Le piège d’une refonte, c’est que le mauvais choix ne se paie presque jamais à la livraison. Tout semble fonctionner le jour de la mise en ligne. Les factures arrivent plus tard, souvent entre douze et dix-huit mois après.

Elles prennent plusieurs formes : une chute de trafic organique parce que les redirections ont été bâclées et qu’il faut des mois pour récupérer les positions perdues ; des modules « gratuits » qui se transforment en développements sur-mesure facturés ; une plateforme sous-dimensionnée qu’il faut finalement remigrer, c’est-à-dire refaire le projet qu’on pensait avoir bouclé. Ce coût-là ne figure sur aucun devis initial, et c’est justement pour ça qu’il faut le cadrer avant de signer.

FAQ

Faut-il toujours changer de plateforme lors d’une refonte ?

Non. Beaucoup de refontes réussies conservent la plateforme et retravaillent l’architecture, la donnée et le parcours. Changer de CMS se justifie quand la plateforme actuelle bride une ambition précise (B2B, volume, international), pas par principe.

Combien de temps dure une refonte e-commerce sérieuse ?

Selon la complexité, de quelques semaines pour un site catalogue simple à plusieurs mois pour un projet à fort volume avec reprise de données et logiques B2B. Le délai dépend davantage de la complexité métier que de la plateforme choisie.

Comment éviter de perdre son référencement après une refonte ?

En cadrant le plan de redirections, la conservation des URL stratégiques et la structure de contenu dès la phase de conception, pas après la mise en ligne.

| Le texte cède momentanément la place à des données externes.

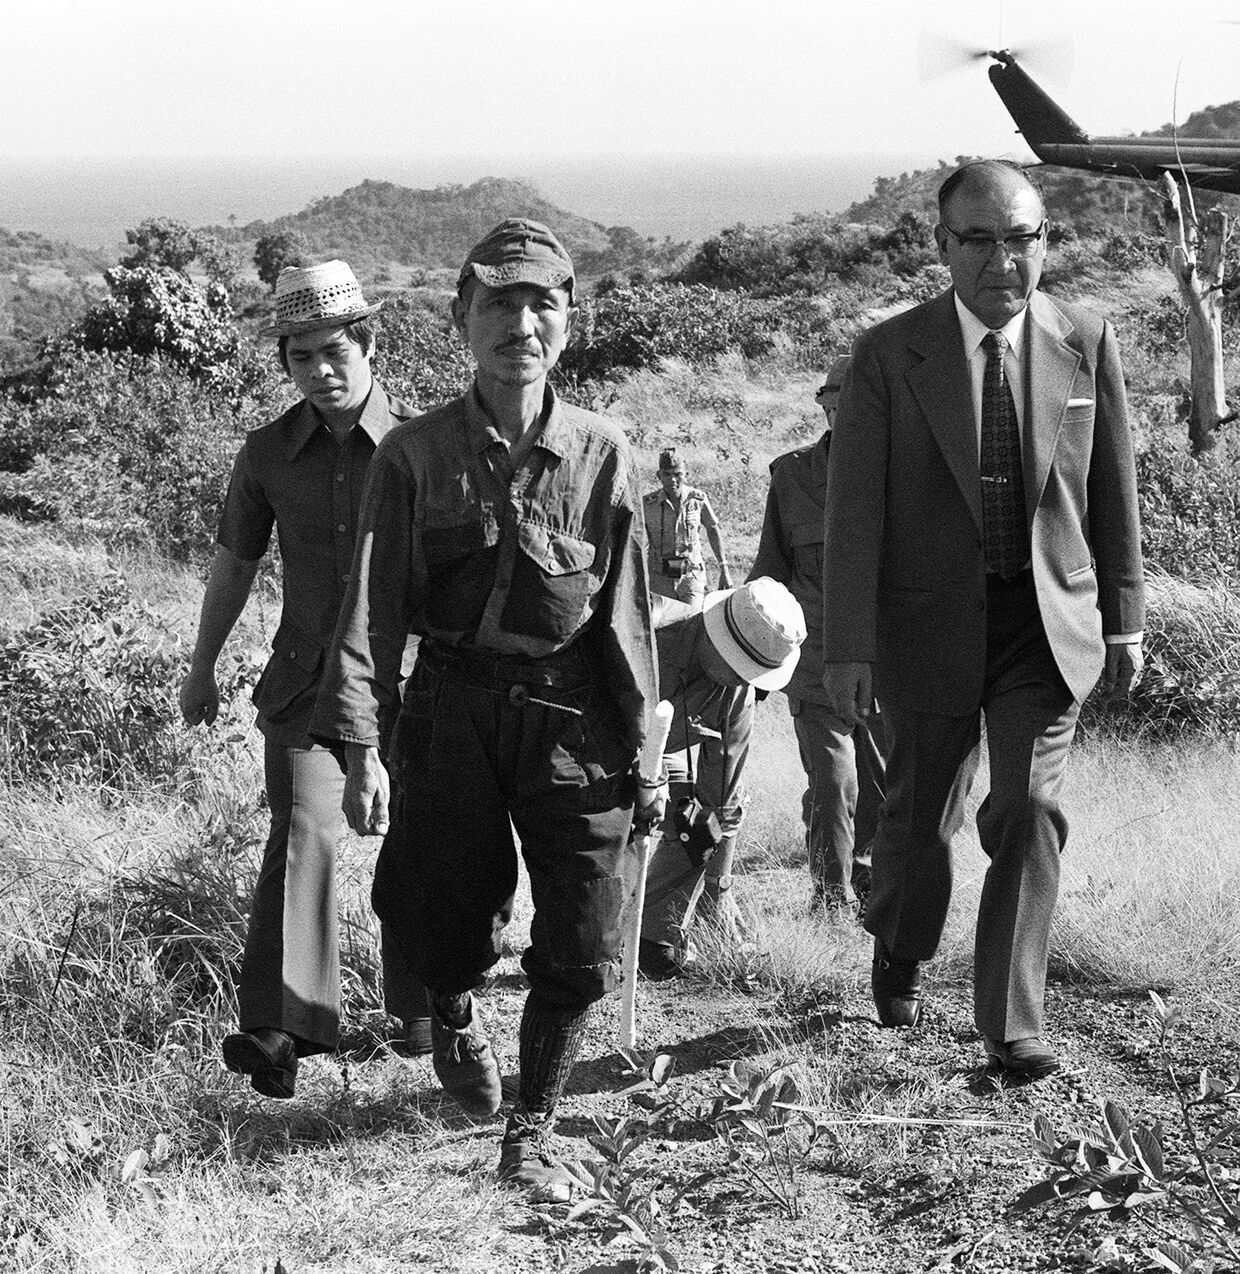 11 марта 1974 года. Японский лейтенант Хироо Онода покидает позиции на острове Лубанг

C’est l’une des premières choses qu’un bon intégrateur sécurise.

Magento est-il réservé aux très gros sites ?

Pas uniquement, mais sa valeur se révèle sur les catalogues volumineux, le B2B avancé et le multi-sites. Pour une boutique simple, c’est souvent surdimensionné.

Vaut-il mieux un intégrateur généraliste ou spécialisé ?

Sur une plateforme exigeante comme Magento, la spécialisation prime : la maîtrise de l’écosystème, des montées de version et des pièges de performance évite des mois de dette technique.